The person wearing this helmet lived.


Crushed equestrian helmet
The person who was wearing this helmet lived and suffered no injury to her brain. Imagine what could have happened if she had not been wearing an ASTM approved helmet. The rider who took this fall was an experienced equestrian riding a "steady Eddy" type of horse that she'd owned for years. It can happen to anyone.

For those who have asked more about the accident, this is all I know, but you can follow the story on the Chronicle of the Horse Forum on this thread.

I would also like to add that the rider in this accident was on her steady-eddy, been-there-done-that, 20-year-old, saint of a horse. She wasn’t carelessly tearing around on a green horse. It was a gorgeous day and she was just out popping over some small x/c fences when this happened. If it can happen to this pair, it can happen to anyone; hence, why we need to wear our helmets for every ride. No excuses . . . . her right collarbone that is broken, which would indicate the right side hit the ground first. She also has cervical fractures.


15 thoughts on “The person wearing this helmet lived.

  1. I was just curious if you knew how this helmet was damaged in the accident? This picture would scare the helmets back on the heads of may dressage people (among others!)

  2. I get after the people I ride with all the time and some still don’t believe me. I’ll show them this pic.
    Yesterday, I saw the actress Portia De Rossi (Degeneres) on Oprah setting a bad example by jumping her horse without a helmet.


    1. Maybe De Rossi should see this photo too! I don’t know why people have the “it can’t happen to me” mentality. It doesn’t matter of you’re a good rider. Accidents still happen.

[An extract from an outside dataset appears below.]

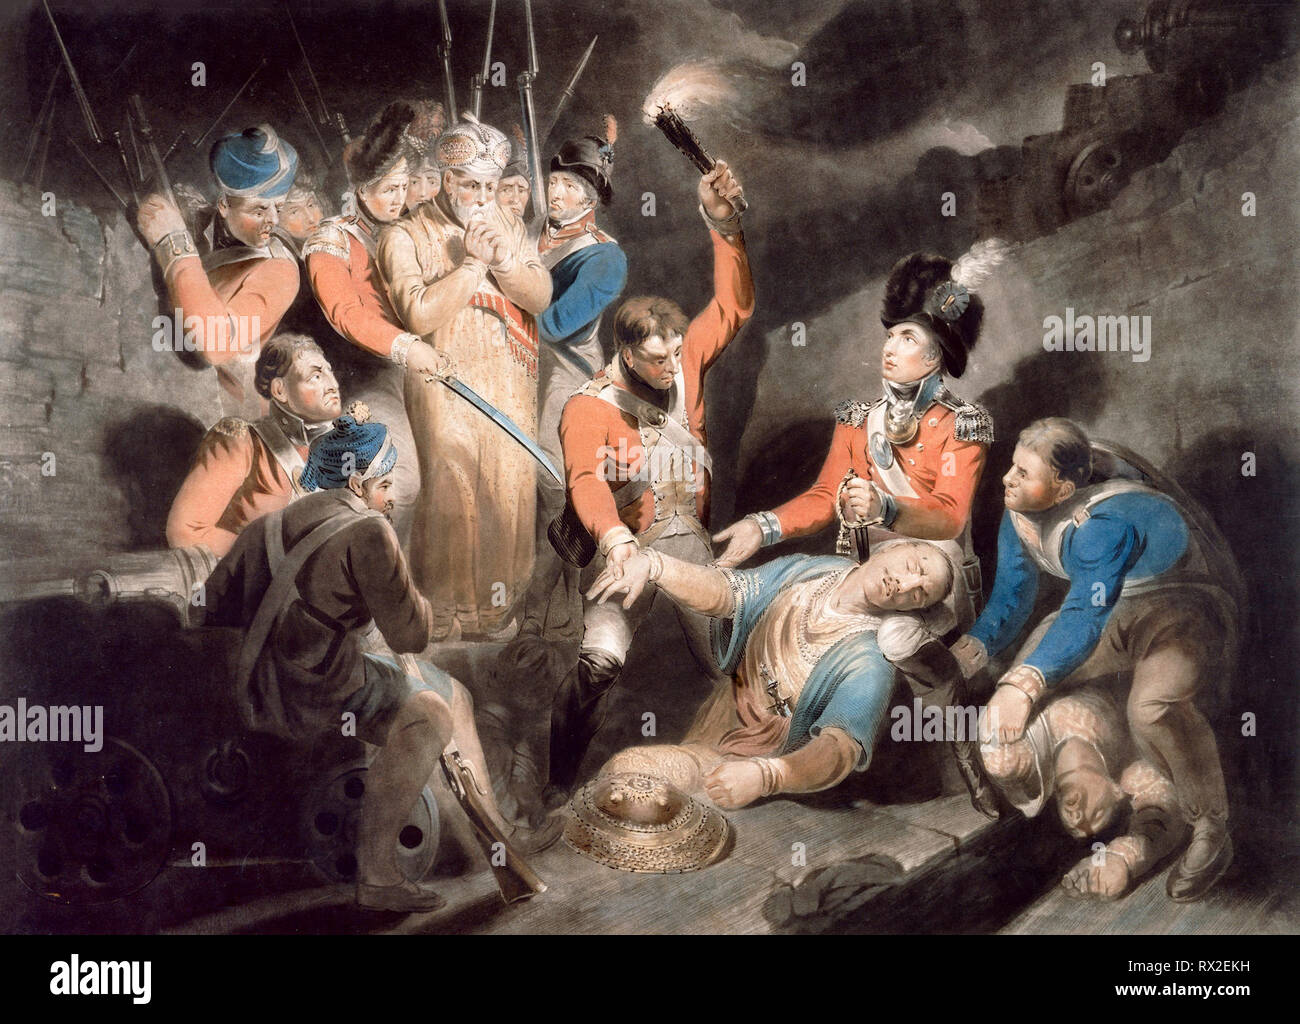 Trovare il corpo di Tipu - Trovare il corpo di Tippoo sultano. Incisione colorata. Samuel William Reynolds, 1800 Foto Stock

      1. 10 feet tall and bullet proof – wake up people yes it can happen to you and probably will if you do something long enough

      2. You are correct — if you ride long enough, you will have falls and you may get hurt. After a lifetime of riding, I had a fall where I broke my left ankle, left collarbone and right knee (my horse fell). However, wearing a helmet can help prevent a TBI. It won’t make you bulletproof, but why not stack the odds in your favor?

  3. I’ve never ridden without a helmet and never will. I think and I’ve actually heard people say they won’t wear them because it messes up their hair. Imagine how “messy” her head would have been without that helmet. I hate it when celebrities do this sort of thing, it only glamorizes riding.

  4. Most people wear seat beltsin the event of an auto accident, why not a lid to protect the nogin???? Good for that rider, she/he is smart. Has nothing to do with the talent of the horse or rider, just common sense.

  5. I get so tired of helmet hair. Every single day my head sweats during my rides and poof, there goes the hair. Plastered flat. I never get tired of knowing it’s unlikely I’ll crack my skull (hey, a big positive!), and NO ONE will have to witness my skull cracking open because I wanted to have nice hair.

    I ride with a lot of people who choose not to wear helmets – I think the best we can do is put our convictions on our heads (especially around kids), and buy hot rollers. 😉

  6. Thank you for sharing this image.

    I’m going to forward it to a handful of people who need to see it!!

    Helmets save lives.

    I just think it’s unfortunate that people think if they’re on a “safe” horse or a horse they know well, that an accident won’t happen. Accidents are accidents.

    I’m glad the owner of this helmet decided to wear a helmet on this day!!


  7. Seeing pictures like this always reminds me of a casual friend who passed away two years ago after a freak accident while trail riding without a helmet. Ten days after the accident her brain activity completely ceased (because of several strokes while she was comatose). Her fiance had to take medical leave from the marines, and come home from Iraq. He got there just a day before she passed away.

    Her parents spent nearly the entire time at her side. Having to make the decision to pull her life support after she was functionally dead has to have been the hardest thing anyone around her ever experienced. I don’t fault her for not wearing a helmet; she never rode in any disciplines that required it, so it never really occurred to her that it might be good for things besides going over jumps. She was a great person, funny, personable, and a great soldier in the National Guard. We were never terribly close, but talked all the time in several classes.

    To think…it could have all been prevented with a helmet. It’s hard to think about.

  8. Just kidding! I don’t even do cross-country but when I’m just around a horse or pony pasture I still wear my helmet.